▶ _DIRECTIONS_
Retype the listing below line for line, but only from the line with "OPPO A93 Magic" down to the line with "Sadismo [HD] (1970)", inclusive. Pictures stay out.

[SUPPLIED MATERIAL]

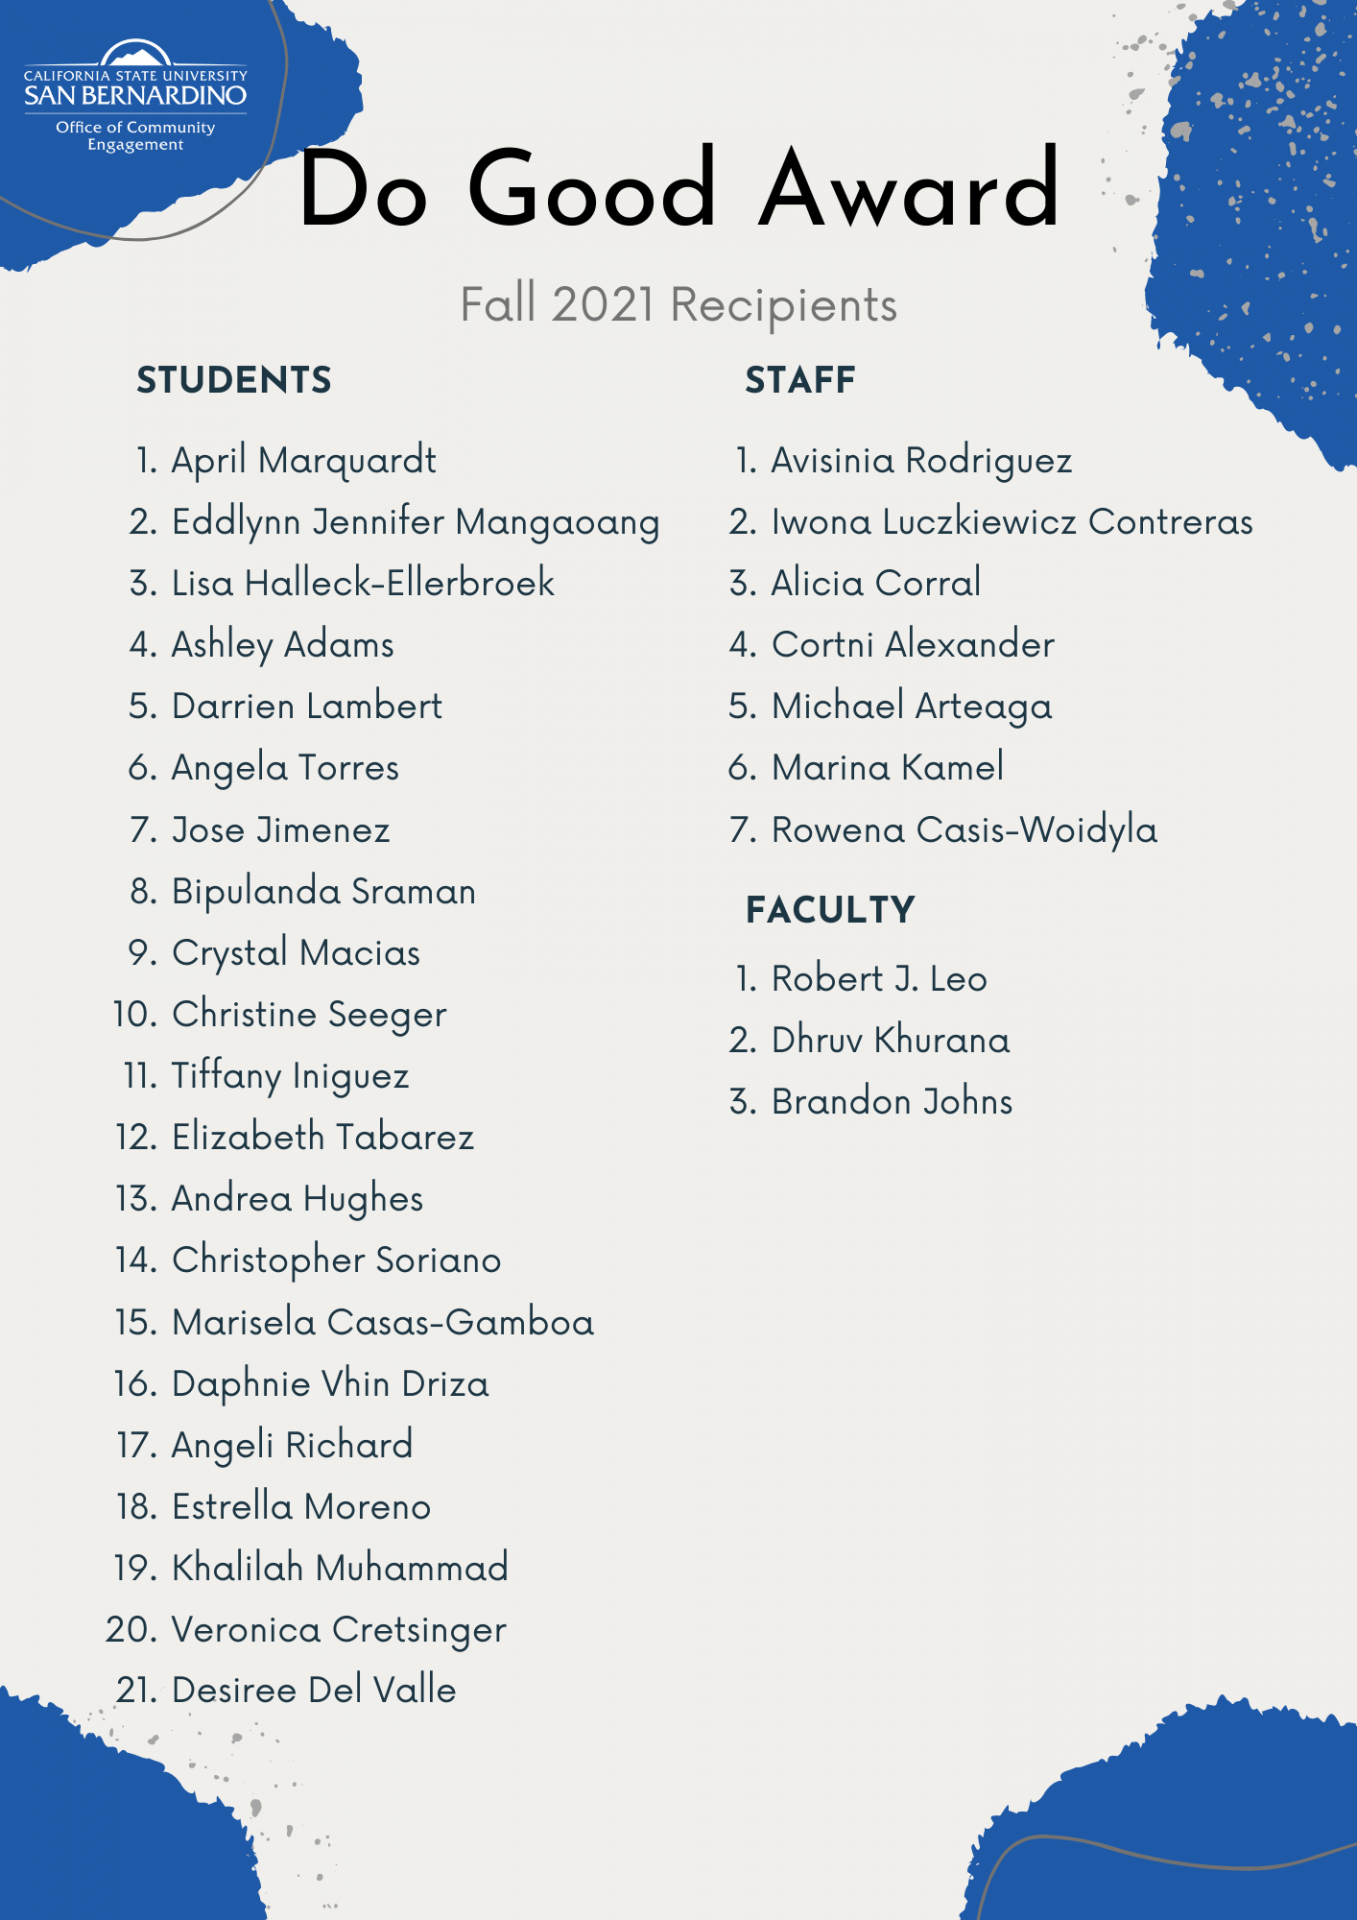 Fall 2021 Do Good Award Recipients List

[/SUPPLIED MATERIAL]
[SUPPLIED MATERIAL]

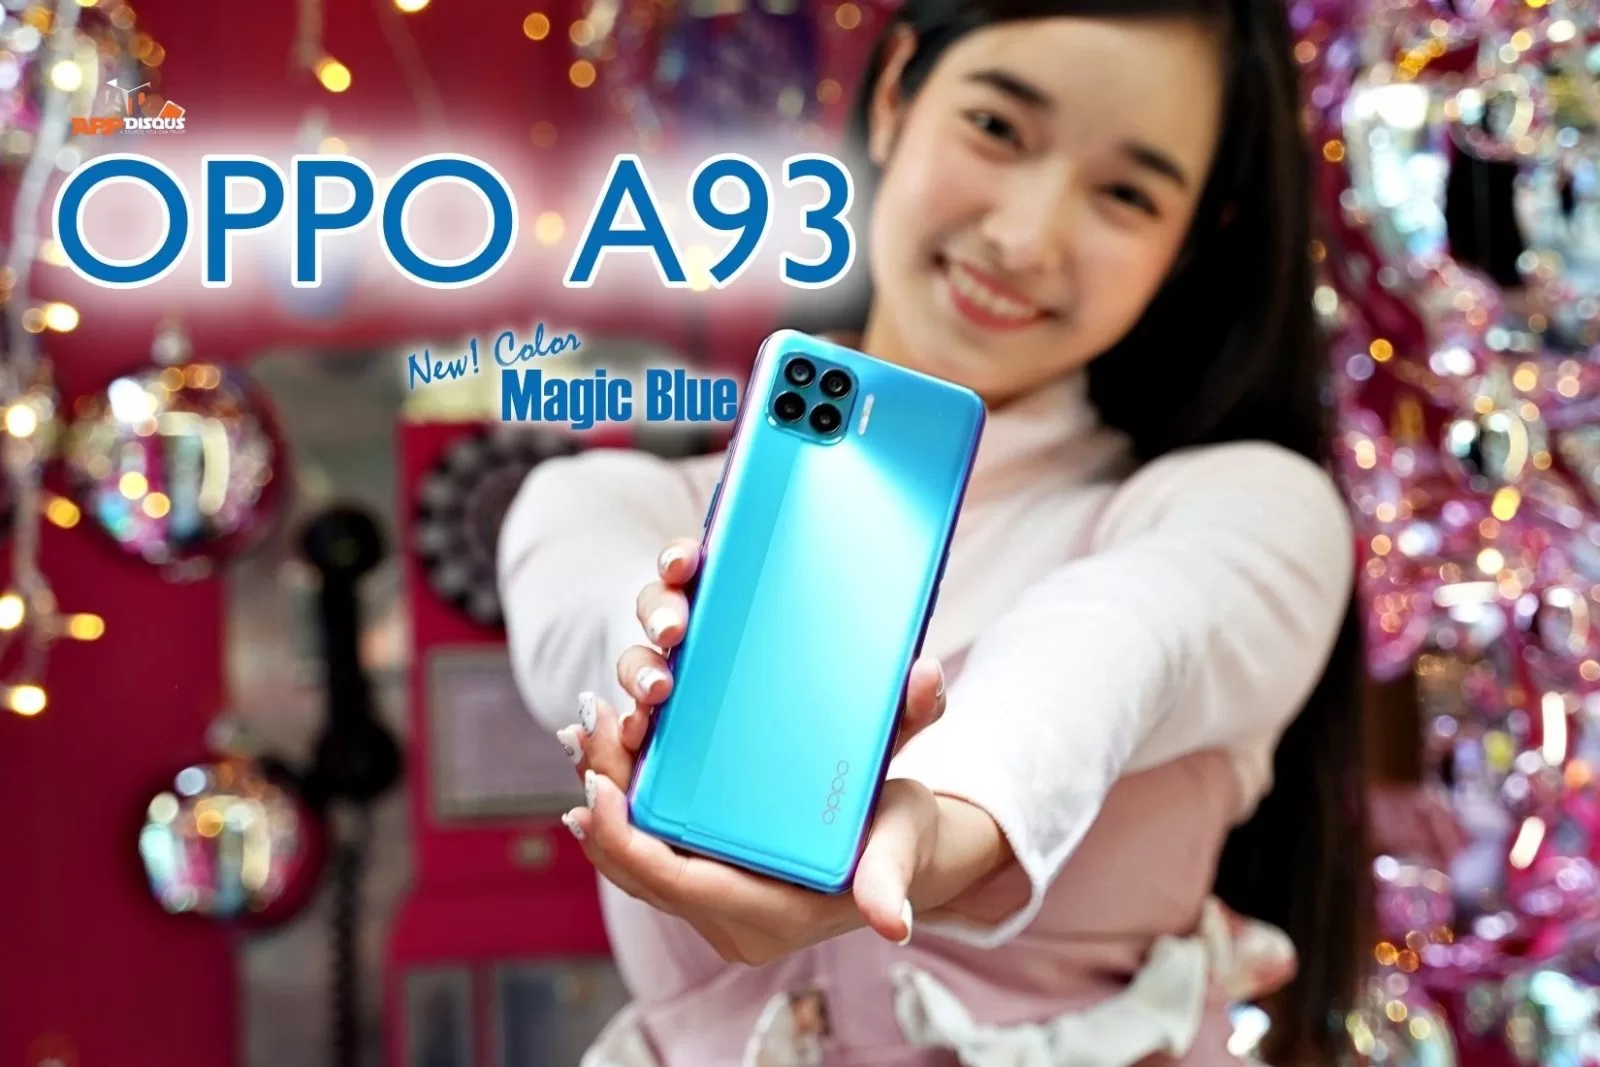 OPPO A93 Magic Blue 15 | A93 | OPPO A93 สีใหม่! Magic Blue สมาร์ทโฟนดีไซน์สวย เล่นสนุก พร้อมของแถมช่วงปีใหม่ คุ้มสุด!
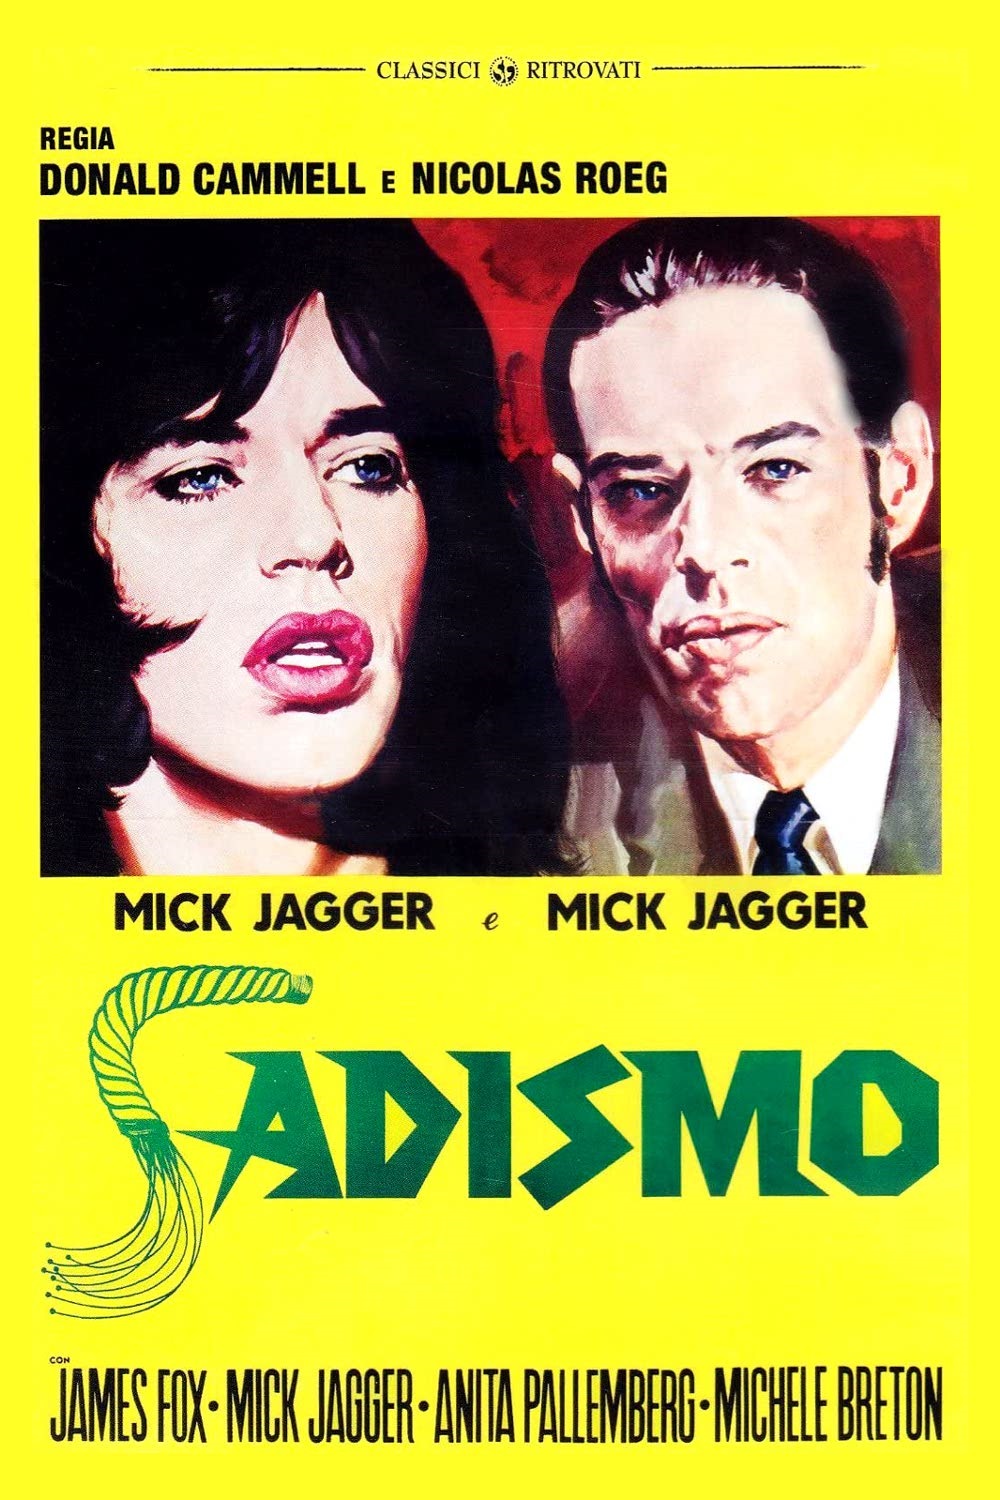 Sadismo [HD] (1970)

[/SUPPLIED MATERIAL]
[SUPPLIED MATERIAL]

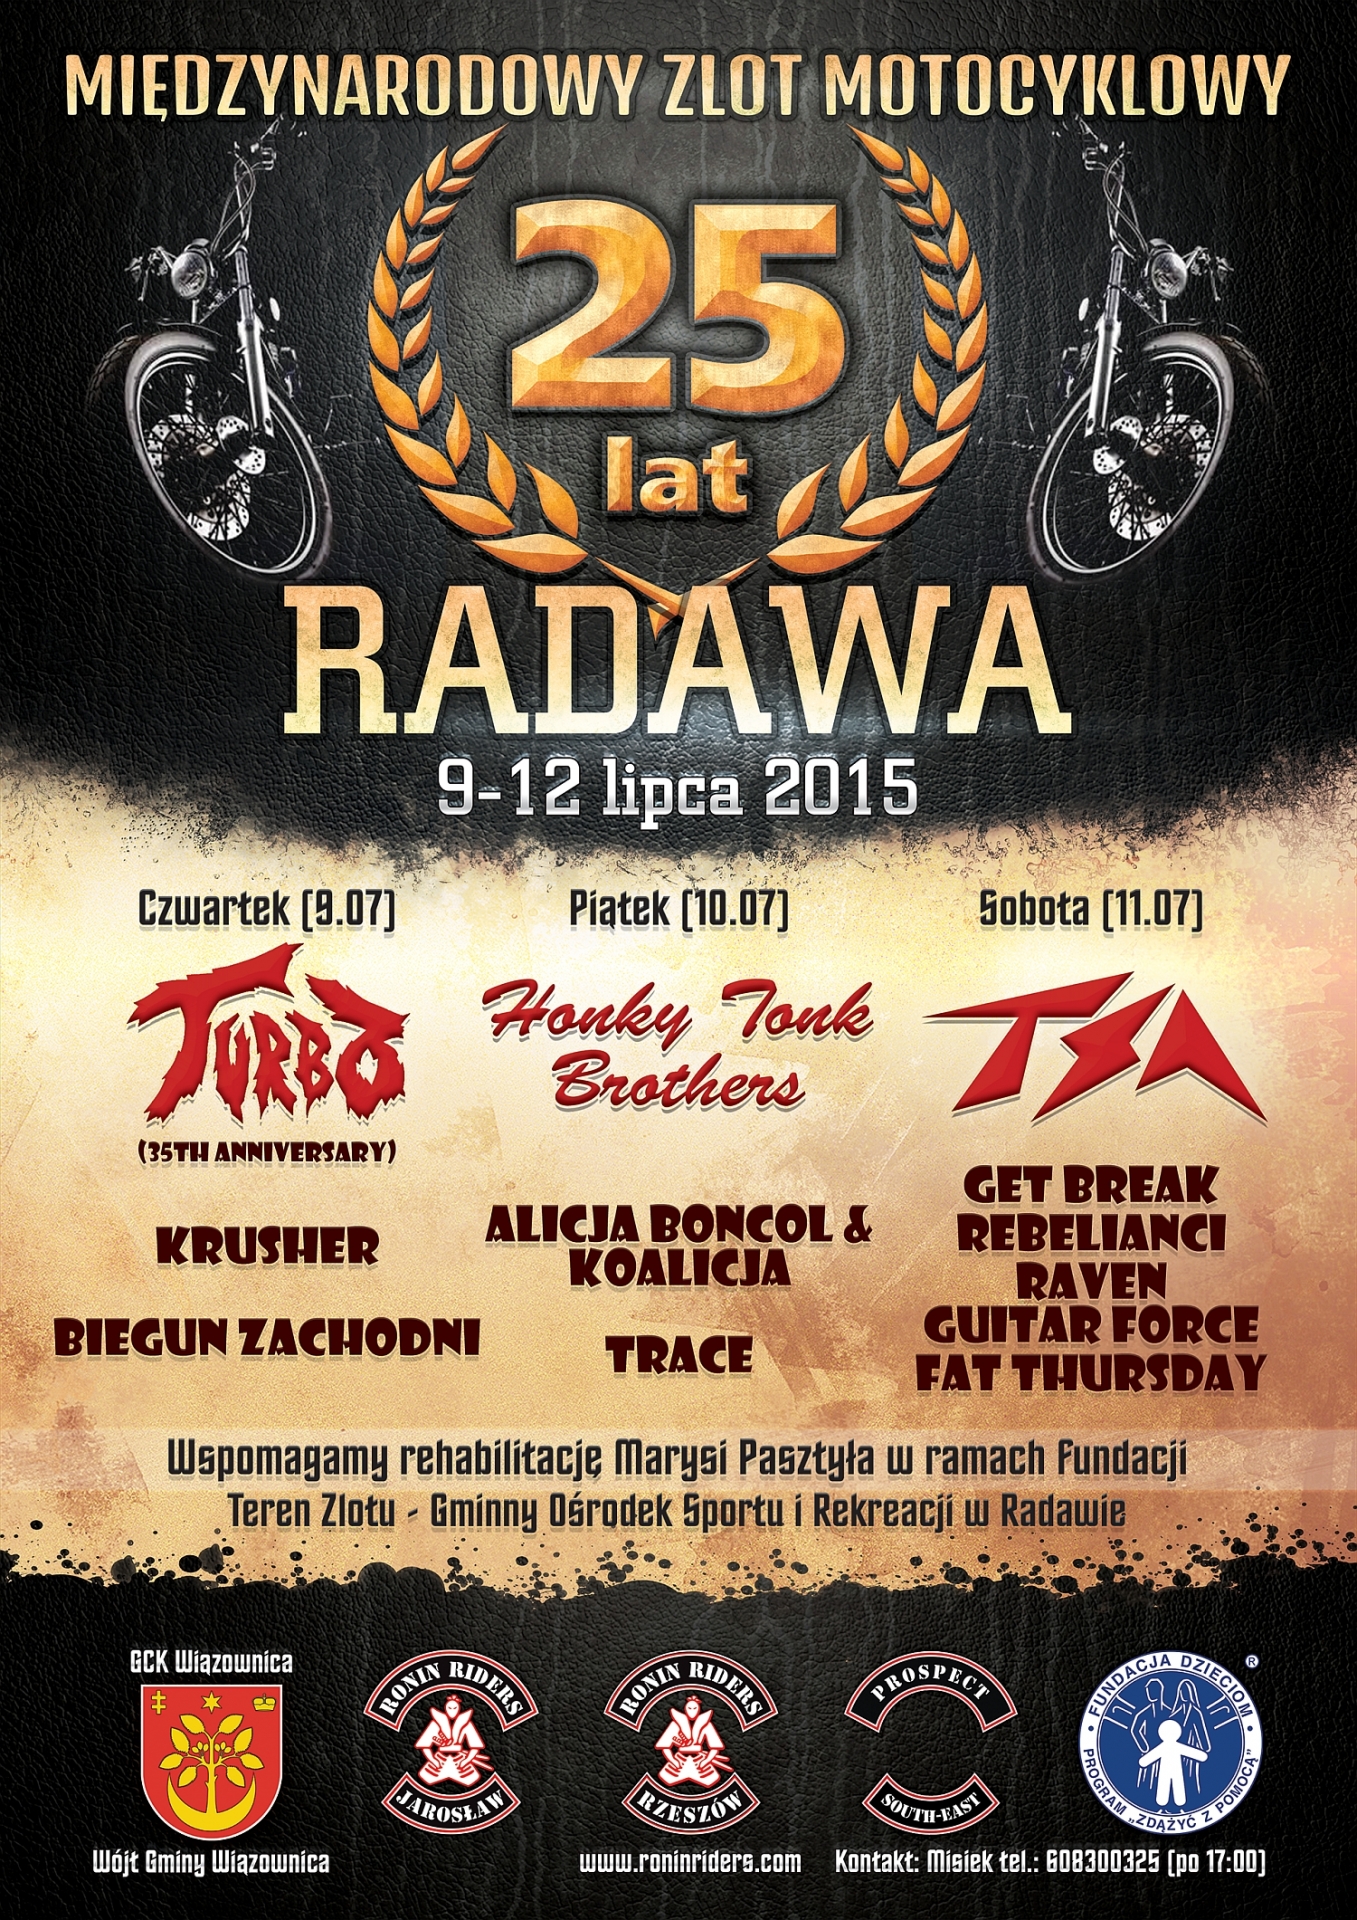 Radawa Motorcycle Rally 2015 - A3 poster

[/SUPPLIED MATERIAL]

▶ _RESULT_
 OPPO A93 Magic Blue 15 | A93 | OPPO A93 สีใหม่! Magic Blue สมาร์ทโฟนดีไซน์สวย เล่นสนุก พร้อมของแถมช่วงปีใหม่ คุ้มสุด!
 Sadismo [HD] (1970)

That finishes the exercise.